*** Opening Exercise material ***
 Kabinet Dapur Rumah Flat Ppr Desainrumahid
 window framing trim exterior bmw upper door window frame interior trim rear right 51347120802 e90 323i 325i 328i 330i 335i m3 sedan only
*** Closing Exercise material ***
*** Opening Exercise material ***
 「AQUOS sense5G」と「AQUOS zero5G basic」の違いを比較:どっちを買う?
*** Closing Exercise material ***
*** Opening Exercise material ***
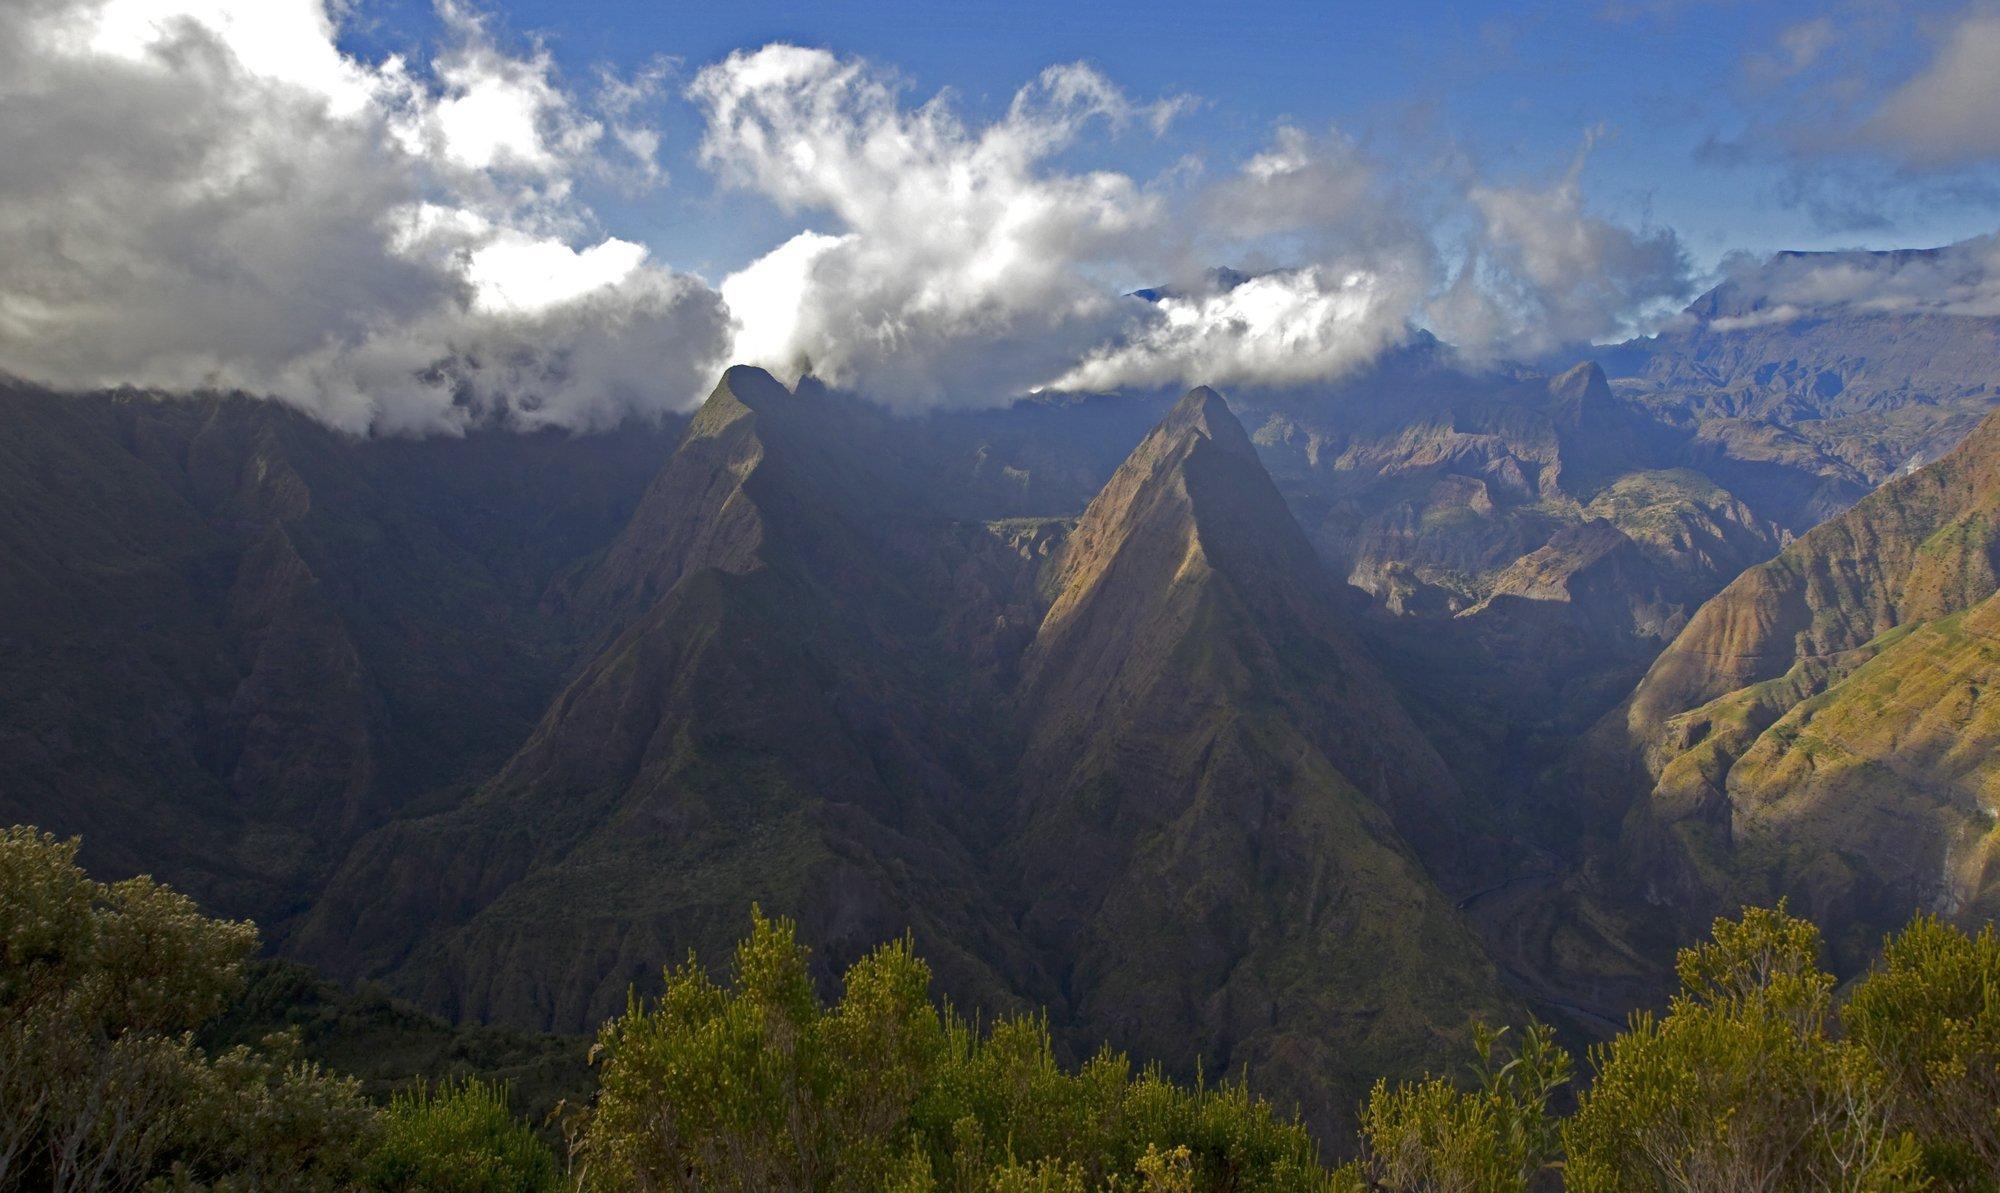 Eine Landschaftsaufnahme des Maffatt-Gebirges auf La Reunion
*** Closing Exercise material ***
_What needs to be done_: Reproduce, exactly as they stand in the data above, the lines from the one that holds "Kabinet Dapur Rumah Flat Ppr Desainrumahid" to the one that holds "window framing trim", inclusive.

_Written solution_:
 Kabinet Dapur Rumah Flat Ppr Desainrumahid
 window framing trim exterior bmw upper door window frame interior trim rear right 51347120802 e90 323i 325i 328i 330i 335i m3 sedan only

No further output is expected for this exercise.